Take the records below and print them verbatim up to and including the line that carries "Jack & Jones".

*** Opening of Supplied material ***

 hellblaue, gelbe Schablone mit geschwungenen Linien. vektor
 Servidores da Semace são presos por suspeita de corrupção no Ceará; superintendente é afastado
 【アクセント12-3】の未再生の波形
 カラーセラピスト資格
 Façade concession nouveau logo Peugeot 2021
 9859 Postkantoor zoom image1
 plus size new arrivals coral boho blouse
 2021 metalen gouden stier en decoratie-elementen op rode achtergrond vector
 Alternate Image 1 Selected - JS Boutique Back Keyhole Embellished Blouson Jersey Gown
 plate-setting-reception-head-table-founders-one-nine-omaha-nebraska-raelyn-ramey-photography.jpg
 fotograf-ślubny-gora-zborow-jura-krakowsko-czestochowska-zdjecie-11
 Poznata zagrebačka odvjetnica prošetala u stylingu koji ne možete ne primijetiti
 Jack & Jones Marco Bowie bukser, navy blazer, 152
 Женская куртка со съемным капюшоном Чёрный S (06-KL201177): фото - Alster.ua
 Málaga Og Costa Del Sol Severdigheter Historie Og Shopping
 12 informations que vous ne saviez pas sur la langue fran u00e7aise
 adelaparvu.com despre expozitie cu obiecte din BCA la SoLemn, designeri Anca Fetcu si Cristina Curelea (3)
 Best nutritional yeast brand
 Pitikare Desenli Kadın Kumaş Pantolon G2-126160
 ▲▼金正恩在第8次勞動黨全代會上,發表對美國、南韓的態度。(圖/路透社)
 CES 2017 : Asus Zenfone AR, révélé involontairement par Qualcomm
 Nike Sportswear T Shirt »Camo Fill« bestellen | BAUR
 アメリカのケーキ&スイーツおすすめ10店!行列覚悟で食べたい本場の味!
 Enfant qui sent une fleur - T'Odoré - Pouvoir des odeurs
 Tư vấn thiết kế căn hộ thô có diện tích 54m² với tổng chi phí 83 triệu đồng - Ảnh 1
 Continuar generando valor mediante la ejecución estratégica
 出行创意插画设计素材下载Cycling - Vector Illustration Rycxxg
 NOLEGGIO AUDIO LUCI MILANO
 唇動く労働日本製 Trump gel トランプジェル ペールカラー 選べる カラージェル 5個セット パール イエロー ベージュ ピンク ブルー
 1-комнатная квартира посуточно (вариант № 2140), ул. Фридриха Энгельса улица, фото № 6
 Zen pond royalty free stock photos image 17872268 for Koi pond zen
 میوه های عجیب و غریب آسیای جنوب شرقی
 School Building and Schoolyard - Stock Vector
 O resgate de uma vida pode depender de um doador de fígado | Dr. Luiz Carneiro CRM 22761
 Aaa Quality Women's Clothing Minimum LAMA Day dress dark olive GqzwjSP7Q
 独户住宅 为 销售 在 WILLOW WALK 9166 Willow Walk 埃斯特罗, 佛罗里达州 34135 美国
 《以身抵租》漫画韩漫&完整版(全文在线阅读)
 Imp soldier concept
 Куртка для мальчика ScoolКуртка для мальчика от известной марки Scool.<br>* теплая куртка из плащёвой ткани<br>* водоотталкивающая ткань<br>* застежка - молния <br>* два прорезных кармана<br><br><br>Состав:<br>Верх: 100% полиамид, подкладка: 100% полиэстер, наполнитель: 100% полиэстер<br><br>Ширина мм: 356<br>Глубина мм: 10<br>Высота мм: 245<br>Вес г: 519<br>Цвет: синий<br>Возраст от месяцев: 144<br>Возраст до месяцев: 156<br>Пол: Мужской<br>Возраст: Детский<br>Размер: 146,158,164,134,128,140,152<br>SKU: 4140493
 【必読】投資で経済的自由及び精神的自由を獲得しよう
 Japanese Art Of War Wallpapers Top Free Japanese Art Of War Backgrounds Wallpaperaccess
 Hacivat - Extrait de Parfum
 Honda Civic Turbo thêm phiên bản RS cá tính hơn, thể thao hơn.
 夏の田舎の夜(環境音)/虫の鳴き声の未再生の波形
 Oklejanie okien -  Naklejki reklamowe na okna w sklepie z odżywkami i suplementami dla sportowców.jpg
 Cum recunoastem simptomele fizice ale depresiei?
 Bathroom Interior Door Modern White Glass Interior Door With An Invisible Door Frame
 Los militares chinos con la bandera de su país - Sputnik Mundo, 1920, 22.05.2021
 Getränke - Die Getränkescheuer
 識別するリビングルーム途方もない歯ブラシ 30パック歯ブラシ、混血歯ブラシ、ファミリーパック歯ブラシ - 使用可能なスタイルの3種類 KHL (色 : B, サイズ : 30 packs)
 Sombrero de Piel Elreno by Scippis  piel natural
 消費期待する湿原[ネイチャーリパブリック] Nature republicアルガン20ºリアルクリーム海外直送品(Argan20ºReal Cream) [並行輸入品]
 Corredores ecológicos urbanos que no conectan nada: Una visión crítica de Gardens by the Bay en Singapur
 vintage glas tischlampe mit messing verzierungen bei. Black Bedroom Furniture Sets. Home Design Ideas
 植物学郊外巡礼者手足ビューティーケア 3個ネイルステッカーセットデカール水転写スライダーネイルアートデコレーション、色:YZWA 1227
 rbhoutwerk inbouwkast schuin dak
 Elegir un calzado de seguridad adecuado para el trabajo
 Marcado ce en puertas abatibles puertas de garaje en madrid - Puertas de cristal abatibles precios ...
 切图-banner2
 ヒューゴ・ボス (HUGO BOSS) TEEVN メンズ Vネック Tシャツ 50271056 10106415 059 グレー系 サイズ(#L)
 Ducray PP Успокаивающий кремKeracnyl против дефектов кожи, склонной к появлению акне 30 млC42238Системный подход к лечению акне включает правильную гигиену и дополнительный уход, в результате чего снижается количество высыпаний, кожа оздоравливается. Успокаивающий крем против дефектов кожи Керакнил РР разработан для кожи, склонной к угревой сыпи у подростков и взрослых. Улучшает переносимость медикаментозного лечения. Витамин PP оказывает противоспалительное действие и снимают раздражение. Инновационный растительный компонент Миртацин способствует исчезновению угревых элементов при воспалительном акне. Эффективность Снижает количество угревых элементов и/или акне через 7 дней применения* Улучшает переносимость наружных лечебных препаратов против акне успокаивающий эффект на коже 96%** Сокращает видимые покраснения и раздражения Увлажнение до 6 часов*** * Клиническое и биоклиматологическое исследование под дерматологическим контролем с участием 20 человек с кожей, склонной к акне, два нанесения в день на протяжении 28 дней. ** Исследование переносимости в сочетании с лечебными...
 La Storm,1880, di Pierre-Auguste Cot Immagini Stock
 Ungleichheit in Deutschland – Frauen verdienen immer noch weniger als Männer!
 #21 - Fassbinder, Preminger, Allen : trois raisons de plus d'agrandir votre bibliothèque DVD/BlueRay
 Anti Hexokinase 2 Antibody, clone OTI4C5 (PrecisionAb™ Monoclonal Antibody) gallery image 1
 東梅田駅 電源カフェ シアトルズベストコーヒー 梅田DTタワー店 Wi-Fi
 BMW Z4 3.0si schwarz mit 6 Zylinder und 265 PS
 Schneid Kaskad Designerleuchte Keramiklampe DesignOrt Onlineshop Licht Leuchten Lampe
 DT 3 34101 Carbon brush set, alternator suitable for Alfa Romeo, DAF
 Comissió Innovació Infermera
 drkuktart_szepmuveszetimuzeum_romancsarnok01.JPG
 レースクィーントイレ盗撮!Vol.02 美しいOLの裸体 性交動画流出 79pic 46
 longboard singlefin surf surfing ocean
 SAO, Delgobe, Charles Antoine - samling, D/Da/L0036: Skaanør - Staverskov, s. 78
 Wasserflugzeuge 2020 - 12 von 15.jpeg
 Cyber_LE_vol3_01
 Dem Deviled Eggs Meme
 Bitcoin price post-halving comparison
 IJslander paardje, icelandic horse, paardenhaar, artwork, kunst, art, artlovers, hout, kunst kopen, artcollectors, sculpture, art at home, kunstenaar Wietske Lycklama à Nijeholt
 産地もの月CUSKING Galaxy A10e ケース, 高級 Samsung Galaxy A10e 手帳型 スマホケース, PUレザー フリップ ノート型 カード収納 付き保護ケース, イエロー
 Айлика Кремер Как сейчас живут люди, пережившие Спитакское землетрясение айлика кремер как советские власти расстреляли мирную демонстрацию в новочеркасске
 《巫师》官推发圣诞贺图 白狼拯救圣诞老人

*** Close of Supplied material ***

> [Reply]:
 hellblaue, gelbe Schablone mit geschwungenen Linien. vektor
 Servidores da Semace são presos por suspeita de corrupção no Ceará; superintendente é afastado
 【アクセント12-3】の未再生の波形
 カラーセラピスト資格
 Façade concession nouveau logo Peugeot 2021
 9859 Postkantoor zoom image1
 plus size new arrivals coral boho blouse
 2021 metalen gouden stier en decoratie-elementen op rode achtergrond vector
 Alternate Image 1 Selected - JS Boutique Back Keyhole Embellished Blouson Jersey Gown
 plate-setting-reception-head-table-founders-one-nine-omaha-nebraska-raelyn-ramey-photography.jpg
 fotograf-ślubny-gora-zborow-jura-krakowsko-czestochowska-zdjecie-11
 Poznata zagrebačka odvjetnica prošetala u stylingu koji ne možete ne primijetiti
 Jack & Jones Marco Bowie bukser, navy blazer, 152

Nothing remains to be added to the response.